A/B testing software can reduce loading speed due to the way in which it hosts competing versions of a page. An A/B testing tool can create test scenarios in two ways:
- From the client’s side (front-end)
- Using server-side scripts.
Server-side This form of A/B Testing is faster and are more secure. However, it is also more expensive and complicated to implement.
Most A/B testing softwares operates on a Client-side basis. This is to make editing a site as easy as possible. In order to reduce the impact of testing on a page, the best A/B Testing solutions have found ways to speed up page loading.
A/B Testing procedures vary between agencies. However, most combine a few key features. This is the five-step plan we use at Convertize:
At the end of each testing cycle, it is important to revisit and evaluate the whole process.
Before you’ve even begun to think about what version B might look like, version A needs a thorough examination. The key here is data. Google Analytics is an indispensable tool for web marketers, as it tells you how visitors are using your site. By examining your visitors’ behaviour, and identifying weaknesses in your Conversion Funnel, you will be confident about What needs to be optimized. To understand the Why and the How, other tools are necessary.

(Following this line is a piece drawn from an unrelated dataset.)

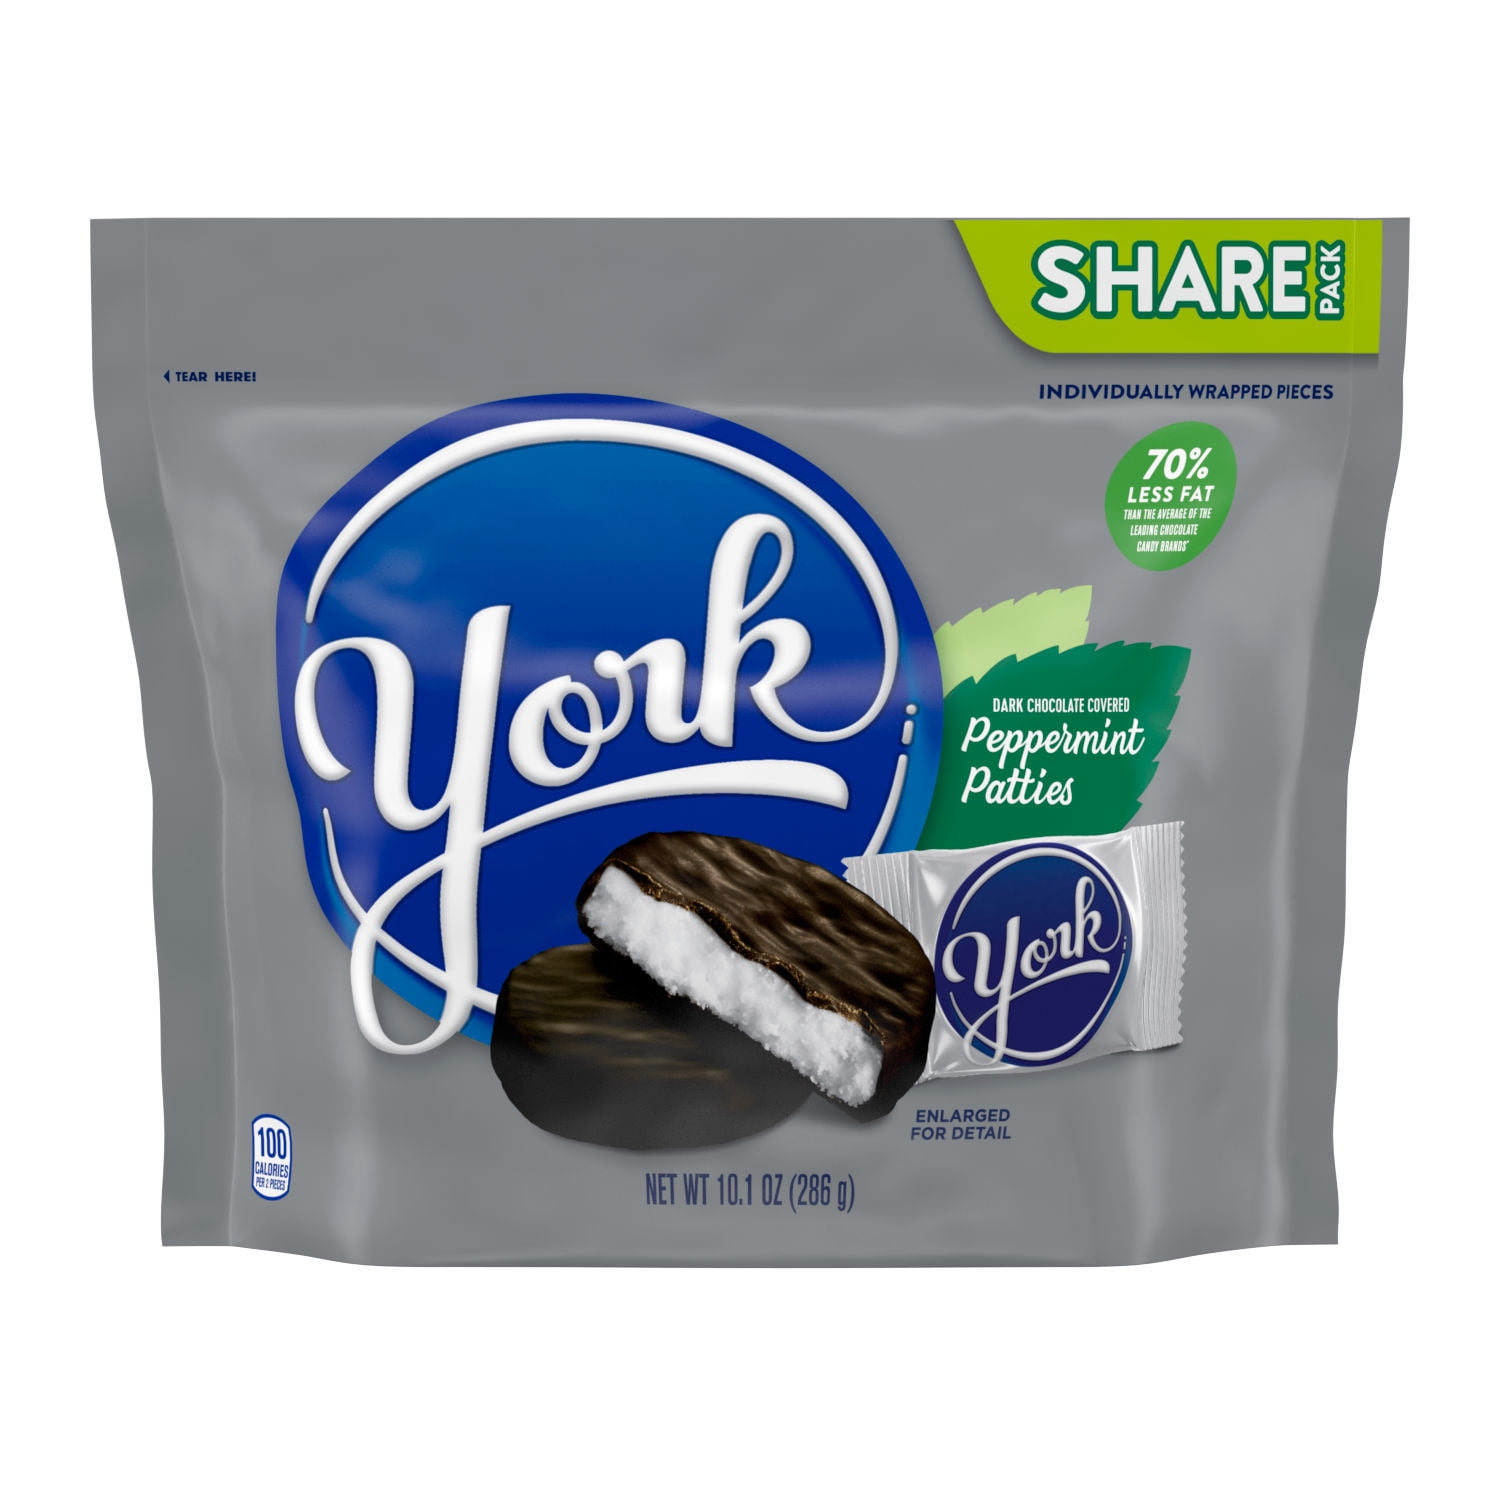 YORK Peppermint Patties Dark Chocolate Candy, Individually Wrapped, 10.1 oz, Share Bag

Free online software allows you to transform mouse-tracking data into visual heatmaps. Scrollmaps tell you how far down a page visitors get before leaving. These tools can be combined with customer segmentation and exit surveys to show you how visitors experience your site. But you’re not done yet! In order to change how people experience your site, you need to think about consumer psychology. The final part of the research stage is a comprehensive heuristic analysis.
This is the fun part! You have to put your neck on the line and find a way to change Version A in order to achieve a particular goal. So, what are you going to change? Your call-to-action buttons, your copy, the colours or structure of your sections? Does your page need a facelift or full surgery? Anyone can create a hypothesis, but a good hypothesis takes careful thought.
It is important to be precise about the parameters of your experiment. before launching a test, you will need to decide on:
- Your goal – In order for an A/B testing platform to compare the number of conversions resulting from version A or B, you need to specify an action that it can register. Most commonly this is the URL of a “thank you” page (following a purchase), as it guarantees that you will only receive data from completed purchases. Occasionally, you might want to set a different kind of goal. Clicking on a particular CTA or visiting another page on your site might be the best goal for you to measure.
- Which pages you want to target – Testing each product page one by one would take forever, but targeting the wrong pages will obscure your results. Your targeting is usually defined by the URLs on which your changes will apply. Like with online searches, you can define the limits of your test in terms of: “URL Contains”, “URL Ends With” or “URL Equals.”
How you want your traffic to be divided – Some software features a “Multi-Armed Bandit” algorithm that directs the majority of your traffic towards the best performing version of your webpage. This has two advantages. Firstly, it can help to reduce the time taken to achieve significant results. Secondly, it means conversions are not lost by sending valuable traffic to a less-optimal page. However, incase your A/B testing tool does not provide this sort of algorithm, you will need to think about how your traffic should be allocated.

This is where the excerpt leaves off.